El poster desplegable que viene junto con la caja 60 x 60 es –junto a otros detalles como que los CD y los DVD juegan con la gráfica de los viejos discos simples– un homenaje a la década de la que Charly se nutrió. Hay cientos de fotos, dibujos, apuntes, tickets y afiches de viejos shows, memorabilia de lo más variada agrupada como en un collage (“igual que en el Album blanco”, dirá García), como si se hubiera ordenado un allanamiento al cajón del placard de un fan del estilo El Porsuigieco, el magistral monstruo rockero creado por Saborido y Capusotto. Hay, también algunas frases. “¿Por qué no vamos por la escalera, que está completamente inventada?” J.L. Borges, se lee por ahí, con la grafía urgente de Charly.
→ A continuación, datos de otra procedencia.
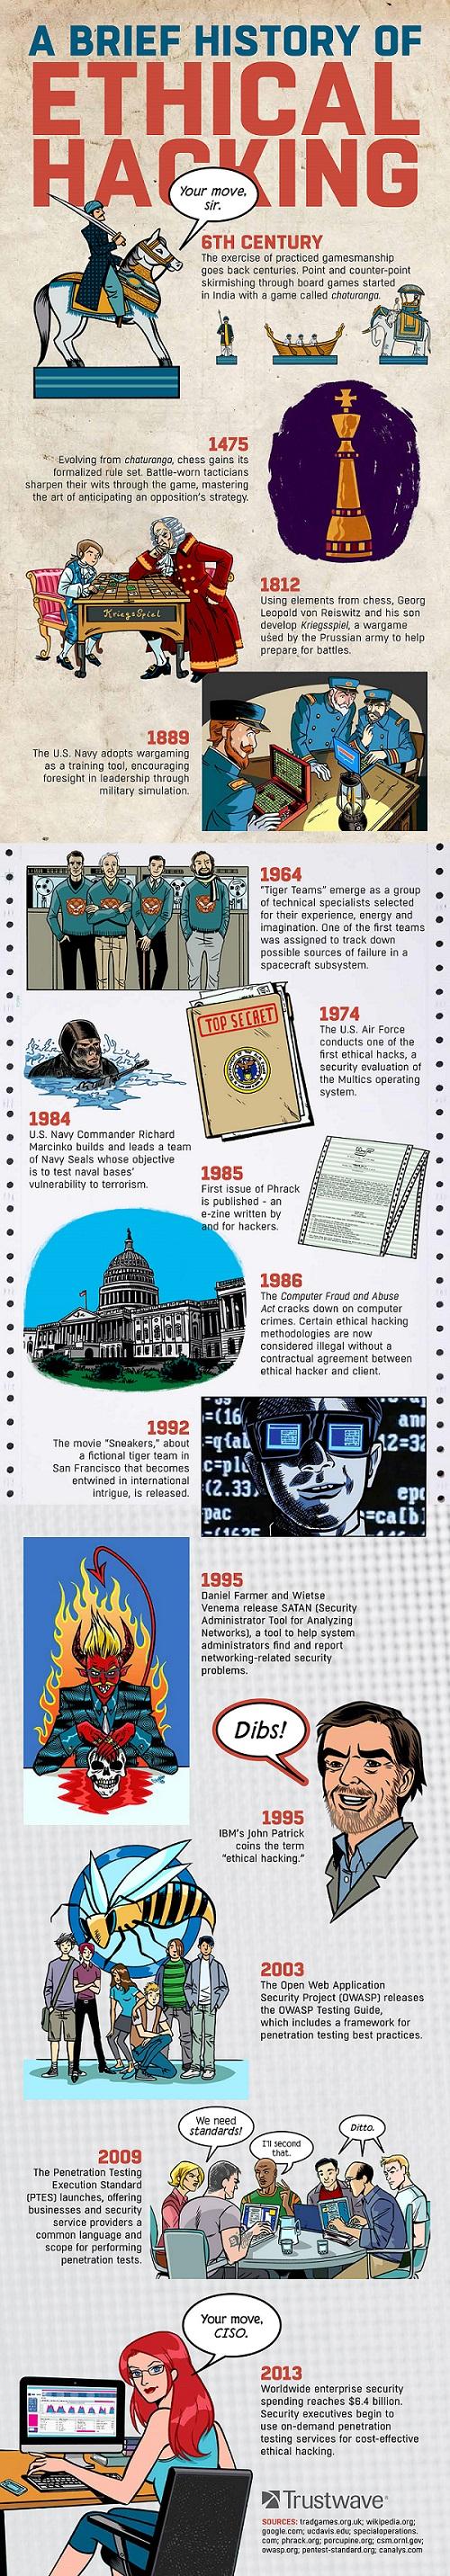 Historia del hacking ético

La ingeniosa sugerencia del escritor ante la disyuntiva “ascensor o escalera” plantea si se quiere un postulado conservador. ¿Charly se refleja en esa frase? Más que conservador, clásico: García ha tomado el ascensor demasiadas veces, con diversas y temerarias provocaciones. Incluso ha experimentado con el balcón y la ventana. Quizás éste sea el momento de subir su propia escalera, completamente inventada por él. Otra frase del poster: “El futuro está en el pasado”. Esa frase es de Dylan, y va a hablar varias veces de él.

“Algunos no la pescan. El primer 60 es por los sixties. El segundo por mi edad. Hay como 60 temas, etcétera. Es, como siempre, una ocurrencia mía”, explica, también, de puño y letra, en la caja. Y abajo escribe su marca registrada, pero con signo de interrogación: Say No More? Aunque el presente sea esta reinvención del pasado, el futuro no parece estar en el pasado. Al menos eso debe pensar el equipo que lo asiste y trata, y su novia Mecha Iñigo. Ahí está, entonces, en el living de un departamento del Palacio de los Patos de la calle Ugarteche: Mecha, peluquero y rock and roll. Tiene una sonrisa esculpida en la cara; una sonrisa cannábica sin cannabis. Esa sonrisa viene de otro siglo y en su campo magnético todos caemos encantados. Da la sensación de que uno podría quedarse a vivir en esta casa discretamente burguesa, de chimenea blanca y laptop; da la sensación de que si uno se queda efectivamente a vivir, va a ser permanentemente agasajado con café, facturas y buen tabaco. Y buena charla. Aquel Charly esquelético, de perfiles faciales filosos, agudos, que se movía como un desacatado arlequín punk, es hoy un charlista reflexivo, memorioso, algo melancólico y por momentos pasional. En off o, mejor dicho, en esas situaciones en las que queda claro que se está fuera de la entrevista periodística, se refiere con calidez a Andrés Calamaro, se ríe de Violencia Rivas (“un whiskicito”), elogia a Skay Beilinson (“si lo ves, mandale saludos; es buena gente y un gran músico”) y habla de rutinas físicas: “Hago un poco de cinta… Me aburre olímpicamente. Más me gusta salir a caminar, pero se complica con la gente. Aunque la otra vez salimos con Mecha por los bosques de Palermo y la pasamos bárbaro”.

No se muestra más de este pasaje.